To most men life is a pursuit. We’re all pursuing something. Work, family, success, pleasure, companionship, fulfillment. Millions of men with millions of pursuits, moving through life and our culture daily. Yet psychologists tell us that most men are unhappy. A recent study revealed that despite life conditions improving, Americans are more anxious, depressed and dissatisfied than they were a decade ago.
Part of this is attributed to a much greater number of distractions in our lives. “Screen time” in both teens and adults is now conclusively proven to reduce overall satisfaction in life. And these distractions also move us from pursuing something in life to observing and commenting on it instead. If you find yourself asking from time to time, “Why am I not happy?” consider these three questions about your life and personal pursuits.

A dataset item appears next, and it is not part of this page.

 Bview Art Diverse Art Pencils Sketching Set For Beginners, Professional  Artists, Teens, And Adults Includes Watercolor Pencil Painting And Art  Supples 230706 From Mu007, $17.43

What are you pursuing? Prominent American Rabbi Harold Kushner said, “You don’t become happy by pursuing happiness. You become happy by living a life that means something.” Is what you are pursuing in life worth pursuing? Money has been proven conclusively not to be a significant predictor of happiness. Wealth in the United States is much greater than it was 50 years ago, yet there is no corresponding overall increase in personal satisfaction. Life must be more than a means to an end. It must mean something from beginning to end. The most noble life pursuits are those that are bigger than you. The happiest people are those who have learned how to move from gathering for themselves to giving for the greater good. And they also avoid a comparison mentality which judges personal satisfaction on the scale of their neighbors’ or friends’ level of success. Are you pursuing goals and objectives with your life that will simply benefit you and your family, or are your resources a path to accomplish a far greater objective than can be measured by a bank account?

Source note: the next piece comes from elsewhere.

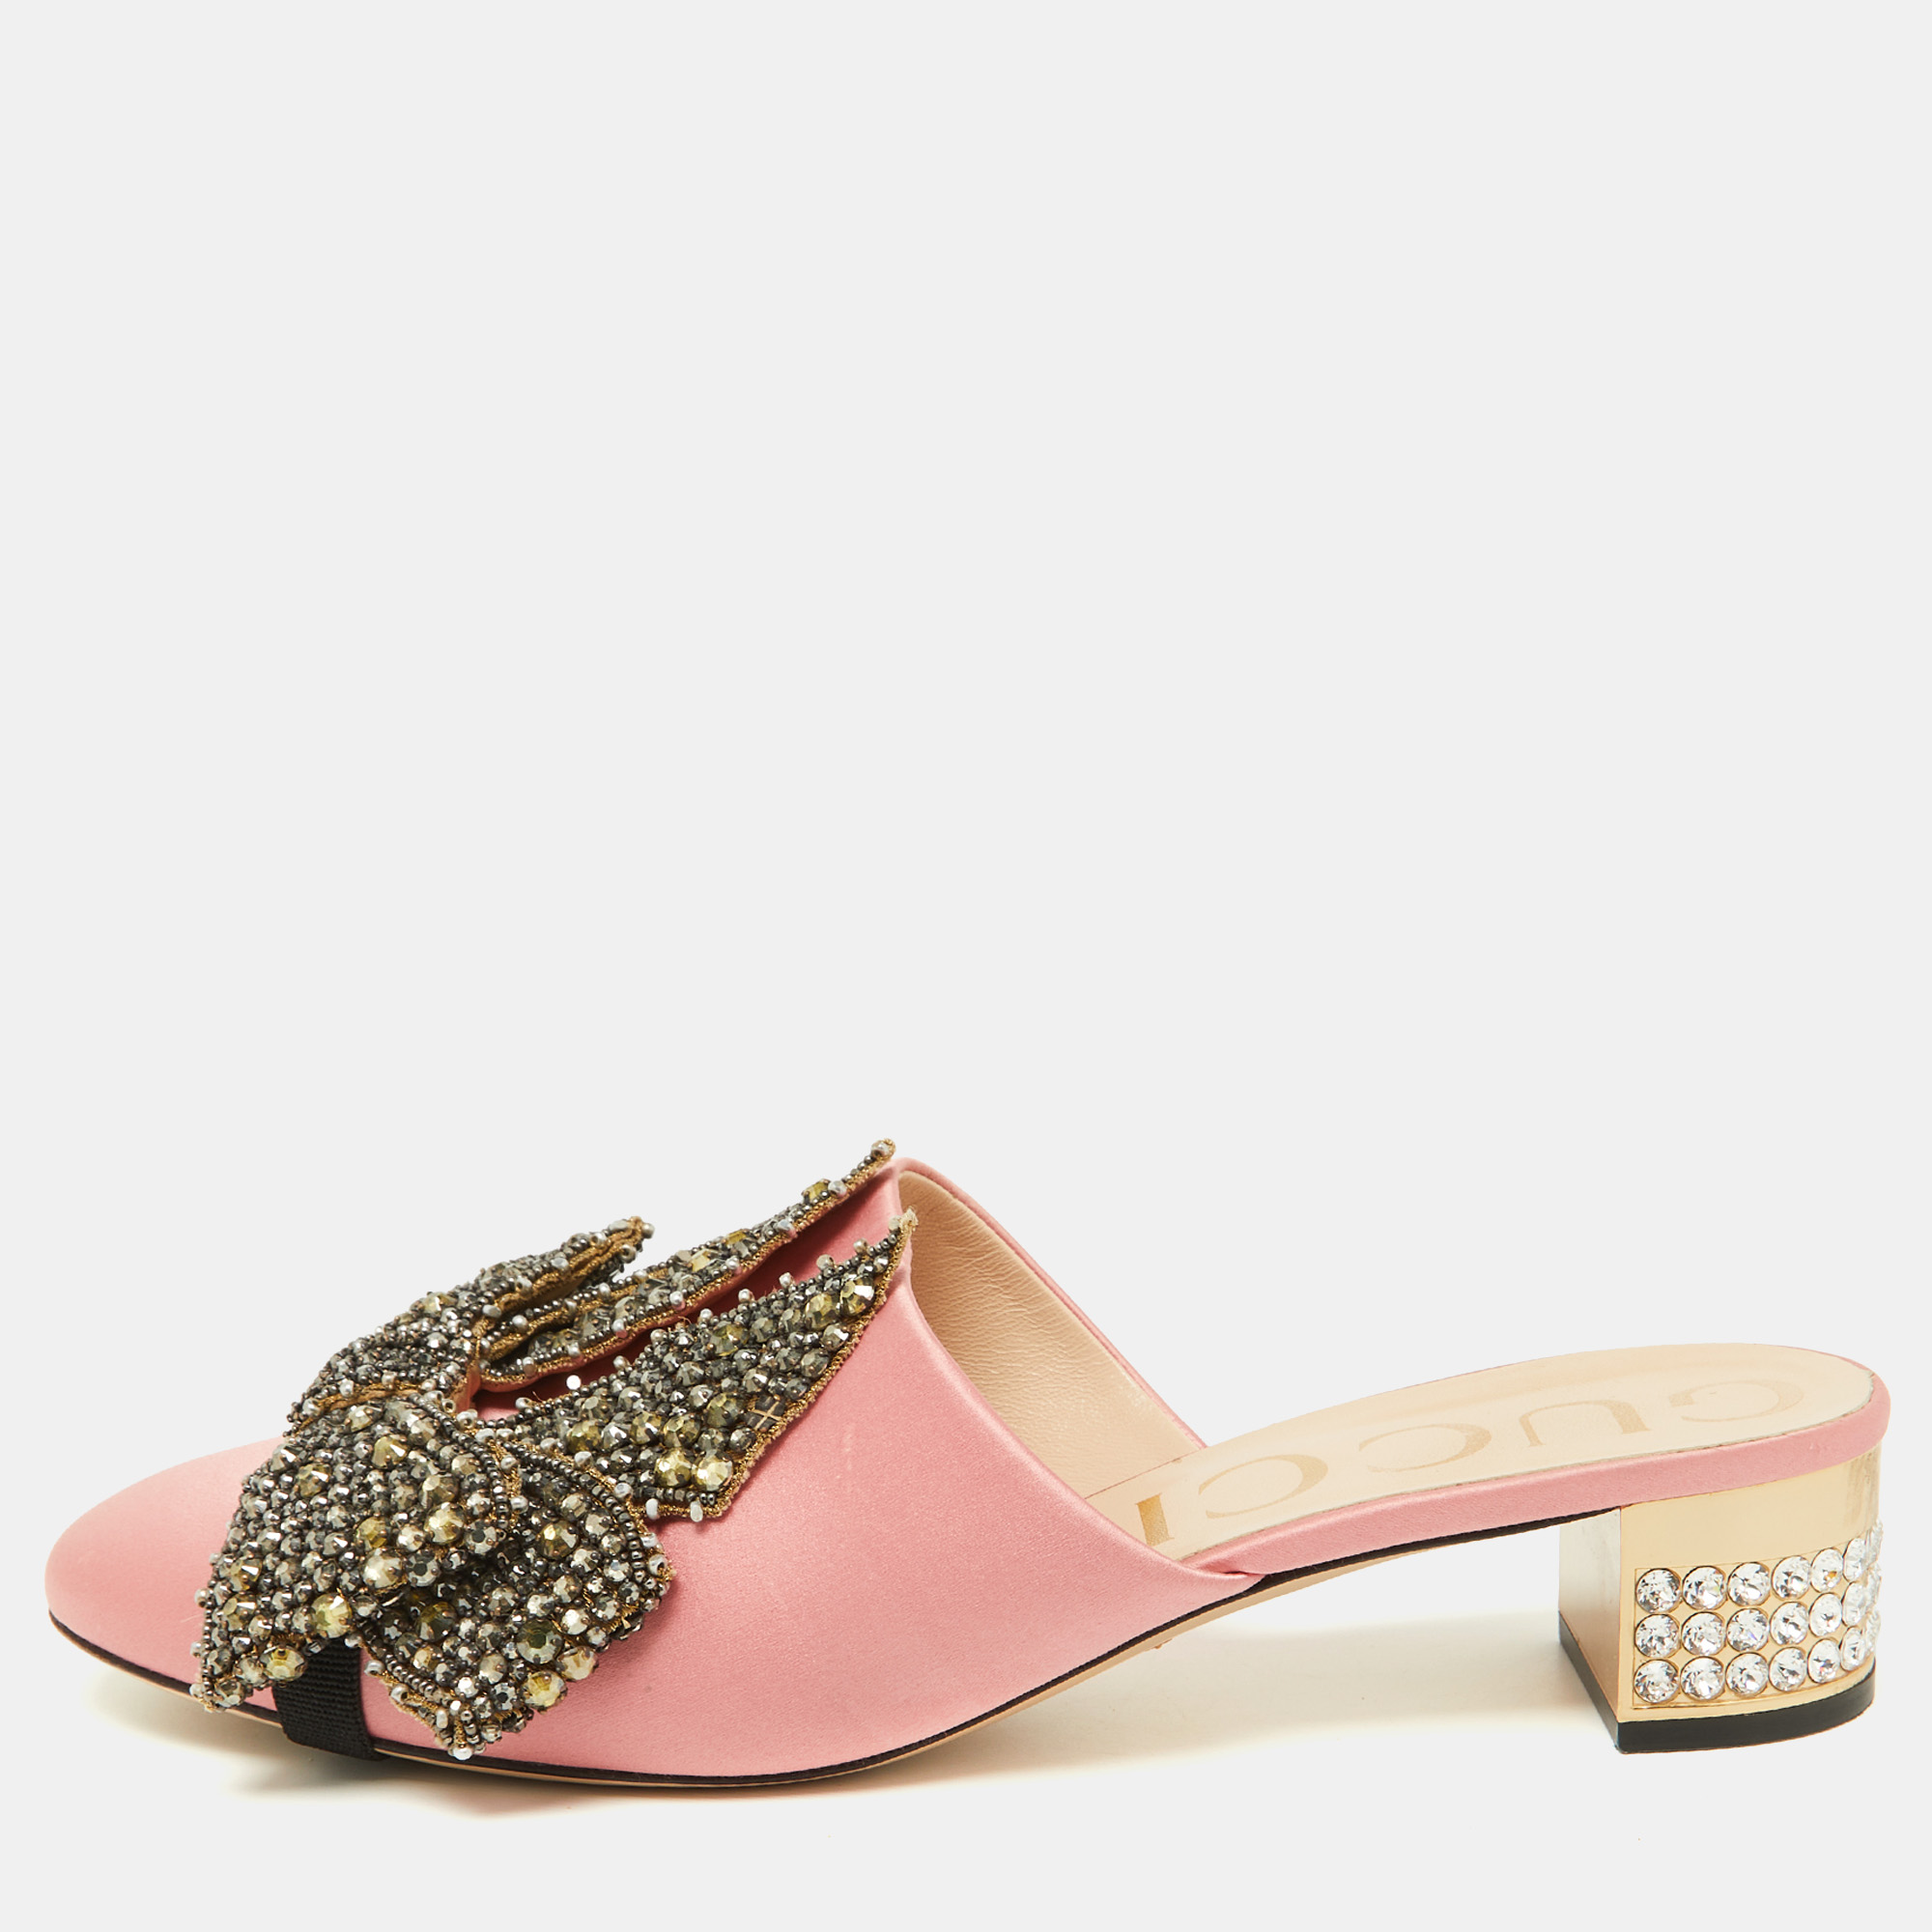 Gucci pink satin crystal embellished bow mules size 41.5

Who are you pursuing? Just as important as what you are pursuing is who you are pursuing. Your vital relationships form the basis of life’s shared experience. Happy people simply don’t live in isolation. Beyond a close family and meaningful friendships is the pursuit of a true spiritual relationship. It may seem self-serving to say Christ-followers are happier, but there is data to show this is true. A recent Pew Research study found highly religious people were significantly more satisfied with life than those who did not profess a devout religious belief. That same study found happier people were not only pursuing Jesus, but gathered more with their families and extended families, and listened to the advice of family members and religious leaders in their lives. Pursuing Jesus is certainly a step along the path to personal satisfaction in life. Are you pursuing a close relationship with the One True God?

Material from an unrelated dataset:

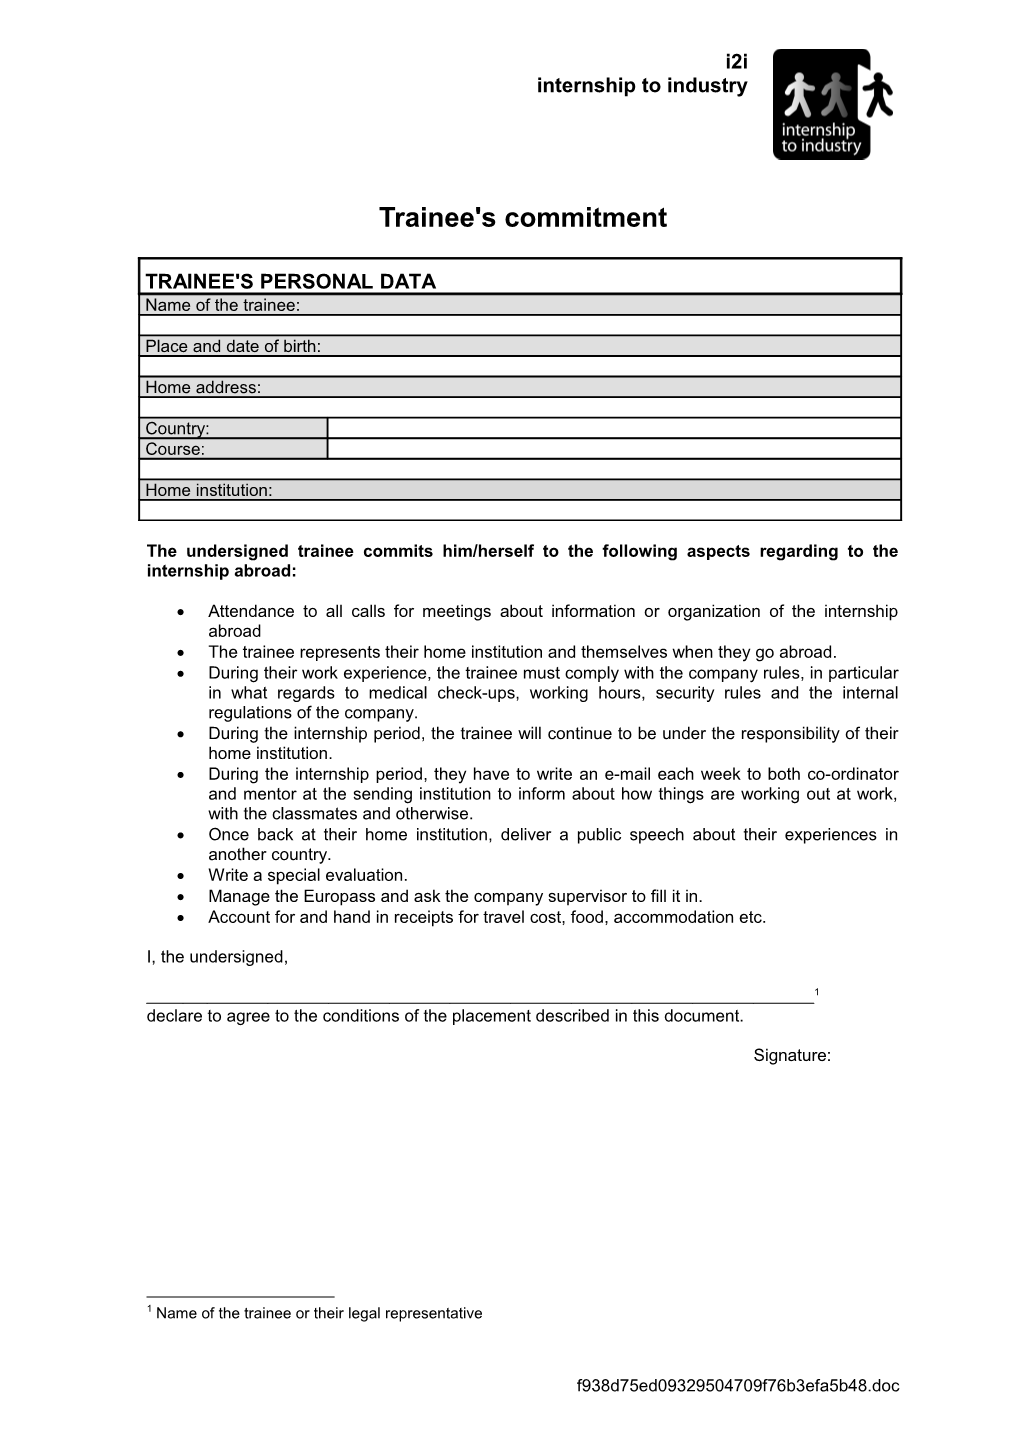 Trainee's Commitment TRAINEE's PERSONAL DATA

Why are you pursuing? The pursuit of meaning is ultimately what will bring a sense of happiness to life’s journey. Helen Keller said, “Many persons have a wrong idea of what constitutes true happiness. It is not attained through self-gratification but through fidelity to a worthy purpose.” Why are you doing what you are doing? Does it have real meaning for your life, for the lives of your family and friends? Does it matter to the larger community? And this is also a legacy question—will what you are doing matter when you are gone? Who you are pursuing in a spiritual sense certainly plays into a life that finds deeper meaning. Psalm 37:4 says, “Take delight in the LORD, and he will give you the desires of your heart.” The lesson from this verse is that someone who finds joy in their relationship with God will find joy in other areas of life.
Happiness in earnest will stem from meaningful pursuits, meaningful relationships and a meaningful purpose, that drives the individual through life. Finding what you love, in a spiritual sense, and focusing on it with passion, involving those closest to you as you grow closer to them, is a practical way to bring more happiness into your life.